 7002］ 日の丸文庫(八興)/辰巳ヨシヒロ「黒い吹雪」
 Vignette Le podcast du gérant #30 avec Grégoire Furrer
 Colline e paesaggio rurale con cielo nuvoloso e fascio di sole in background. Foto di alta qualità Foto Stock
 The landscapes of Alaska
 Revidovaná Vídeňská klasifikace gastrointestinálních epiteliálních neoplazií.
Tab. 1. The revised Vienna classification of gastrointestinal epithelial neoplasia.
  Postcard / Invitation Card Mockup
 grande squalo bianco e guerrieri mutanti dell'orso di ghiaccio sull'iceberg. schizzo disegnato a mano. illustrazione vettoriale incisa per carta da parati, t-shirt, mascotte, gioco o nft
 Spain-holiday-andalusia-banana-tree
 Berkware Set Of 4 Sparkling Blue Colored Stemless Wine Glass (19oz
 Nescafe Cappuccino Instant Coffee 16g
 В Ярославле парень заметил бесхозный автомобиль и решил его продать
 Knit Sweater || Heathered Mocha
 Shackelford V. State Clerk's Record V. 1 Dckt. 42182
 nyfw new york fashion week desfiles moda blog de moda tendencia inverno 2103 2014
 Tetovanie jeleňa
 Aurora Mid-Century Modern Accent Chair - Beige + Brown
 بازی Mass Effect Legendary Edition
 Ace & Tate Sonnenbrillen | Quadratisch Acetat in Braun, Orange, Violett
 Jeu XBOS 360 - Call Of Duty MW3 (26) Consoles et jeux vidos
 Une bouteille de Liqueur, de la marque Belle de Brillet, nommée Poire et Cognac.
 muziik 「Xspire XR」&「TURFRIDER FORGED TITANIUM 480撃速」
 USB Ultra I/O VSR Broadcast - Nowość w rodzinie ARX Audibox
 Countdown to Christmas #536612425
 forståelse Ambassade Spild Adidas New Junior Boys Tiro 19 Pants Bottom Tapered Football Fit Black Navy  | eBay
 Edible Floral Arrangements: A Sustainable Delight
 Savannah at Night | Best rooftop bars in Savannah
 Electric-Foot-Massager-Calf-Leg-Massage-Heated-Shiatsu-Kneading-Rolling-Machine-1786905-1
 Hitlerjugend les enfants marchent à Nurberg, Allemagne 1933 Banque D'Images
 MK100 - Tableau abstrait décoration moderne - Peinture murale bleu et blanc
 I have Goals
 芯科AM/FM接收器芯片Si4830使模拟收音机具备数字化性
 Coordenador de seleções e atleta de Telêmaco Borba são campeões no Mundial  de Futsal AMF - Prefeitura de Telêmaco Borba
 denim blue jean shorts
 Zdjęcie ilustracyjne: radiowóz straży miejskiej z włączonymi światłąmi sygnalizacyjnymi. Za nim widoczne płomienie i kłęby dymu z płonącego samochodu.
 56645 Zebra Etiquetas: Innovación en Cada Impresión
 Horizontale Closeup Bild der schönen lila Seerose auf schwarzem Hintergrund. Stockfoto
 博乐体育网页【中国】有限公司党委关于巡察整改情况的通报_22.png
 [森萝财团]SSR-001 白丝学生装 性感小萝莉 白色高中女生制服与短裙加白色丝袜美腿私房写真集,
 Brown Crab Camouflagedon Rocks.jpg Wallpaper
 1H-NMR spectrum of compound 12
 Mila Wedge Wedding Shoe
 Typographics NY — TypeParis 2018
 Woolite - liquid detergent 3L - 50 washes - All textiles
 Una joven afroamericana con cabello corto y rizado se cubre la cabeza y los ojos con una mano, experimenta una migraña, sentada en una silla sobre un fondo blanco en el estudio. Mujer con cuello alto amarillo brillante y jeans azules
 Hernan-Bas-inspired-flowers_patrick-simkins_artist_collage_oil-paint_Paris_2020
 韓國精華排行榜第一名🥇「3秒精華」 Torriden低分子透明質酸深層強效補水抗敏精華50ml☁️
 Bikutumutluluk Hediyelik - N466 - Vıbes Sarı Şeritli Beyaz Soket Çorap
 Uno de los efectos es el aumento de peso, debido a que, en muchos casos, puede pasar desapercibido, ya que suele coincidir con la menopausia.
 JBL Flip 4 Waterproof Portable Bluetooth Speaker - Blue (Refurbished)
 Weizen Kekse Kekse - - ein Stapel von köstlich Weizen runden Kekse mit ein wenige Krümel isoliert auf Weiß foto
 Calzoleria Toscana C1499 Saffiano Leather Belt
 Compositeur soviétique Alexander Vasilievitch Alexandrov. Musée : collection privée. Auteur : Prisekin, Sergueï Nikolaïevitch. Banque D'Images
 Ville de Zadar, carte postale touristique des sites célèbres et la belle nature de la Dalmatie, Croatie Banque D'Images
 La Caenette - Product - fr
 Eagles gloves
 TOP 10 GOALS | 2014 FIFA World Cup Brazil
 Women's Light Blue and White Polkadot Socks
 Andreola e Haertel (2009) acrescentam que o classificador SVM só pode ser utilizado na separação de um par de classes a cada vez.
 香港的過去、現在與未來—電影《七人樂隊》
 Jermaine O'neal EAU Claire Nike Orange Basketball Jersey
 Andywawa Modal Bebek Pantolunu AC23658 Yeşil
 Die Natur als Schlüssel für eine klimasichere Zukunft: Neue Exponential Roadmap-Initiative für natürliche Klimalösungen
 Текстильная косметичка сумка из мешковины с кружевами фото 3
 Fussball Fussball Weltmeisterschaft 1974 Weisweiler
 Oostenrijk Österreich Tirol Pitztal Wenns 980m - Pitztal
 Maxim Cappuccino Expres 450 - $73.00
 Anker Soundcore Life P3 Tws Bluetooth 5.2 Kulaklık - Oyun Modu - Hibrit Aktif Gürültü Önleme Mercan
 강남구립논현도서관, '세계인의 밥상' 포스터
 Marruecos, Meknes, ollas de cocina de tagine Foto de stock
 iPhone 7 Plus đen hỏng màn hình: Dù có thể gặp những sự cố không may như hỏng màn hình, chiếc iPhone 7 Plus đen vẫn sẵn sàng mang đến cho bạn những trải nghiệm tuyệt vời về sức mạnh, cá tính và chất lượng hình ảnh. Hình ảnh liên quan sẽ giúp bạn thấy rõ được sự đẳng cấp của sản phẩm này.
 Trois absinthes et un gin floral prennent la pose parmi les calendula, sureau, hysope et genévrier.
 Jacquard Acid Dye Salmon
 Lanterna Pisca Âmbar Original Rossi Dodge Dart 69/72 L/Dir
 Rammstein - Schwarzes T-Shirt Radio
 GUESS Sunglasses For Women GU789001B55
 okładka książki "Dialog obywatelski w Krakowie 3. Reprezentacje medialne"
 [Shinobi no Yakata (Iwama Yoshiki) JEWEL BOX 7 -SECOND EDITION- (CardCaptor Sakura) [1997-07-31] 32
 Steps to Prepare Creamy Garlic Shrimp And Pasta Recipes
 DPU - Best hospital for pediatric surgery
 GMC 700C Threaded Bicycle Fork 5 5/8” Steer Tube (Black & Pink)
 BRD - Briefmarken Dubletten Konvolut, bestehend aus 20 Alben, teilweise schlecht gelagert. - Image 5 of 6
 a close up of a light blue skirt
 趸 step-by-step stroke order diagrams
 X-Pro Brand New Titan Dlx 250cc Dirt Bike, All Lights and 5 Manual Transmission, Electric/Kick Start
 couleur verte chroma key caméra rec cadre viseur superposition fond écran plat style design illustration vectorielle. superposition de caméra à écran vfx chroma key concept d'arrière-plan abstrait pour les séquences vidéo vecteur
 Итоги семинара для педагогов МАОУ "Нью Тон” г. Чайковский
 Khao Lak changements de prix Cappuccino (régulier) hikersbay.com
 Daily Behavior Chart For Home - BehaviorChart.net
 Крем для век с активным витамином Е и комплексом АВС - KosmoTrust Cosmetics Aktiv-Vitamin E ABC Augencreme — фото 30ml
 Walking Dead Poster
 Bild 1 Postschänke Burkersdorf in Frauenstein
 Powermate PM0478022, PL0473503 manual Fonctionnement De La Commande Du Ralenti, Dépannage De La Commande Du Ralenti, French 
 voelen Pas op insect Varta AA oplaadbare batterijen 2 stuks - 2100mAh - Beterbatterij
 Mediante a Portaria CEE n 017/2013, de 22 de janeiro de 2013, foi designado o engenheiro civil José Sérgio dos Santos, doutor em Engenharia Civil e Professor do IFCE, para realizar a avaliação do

+++

* _Task details_
Among the lines of the preceding data, which ones hold the word "Electric"? List them.

* _Your response_
 Electric-Foot-Massager-Calf-Leg-Massage-Heated-Shiatsu-Kneading-Rolling-Machine-1786905-1
 X-Pro Brand New Titan Dlx 250cc Dirt Bike, All Lights and 5 Manual Transmission, Electric/Kick Start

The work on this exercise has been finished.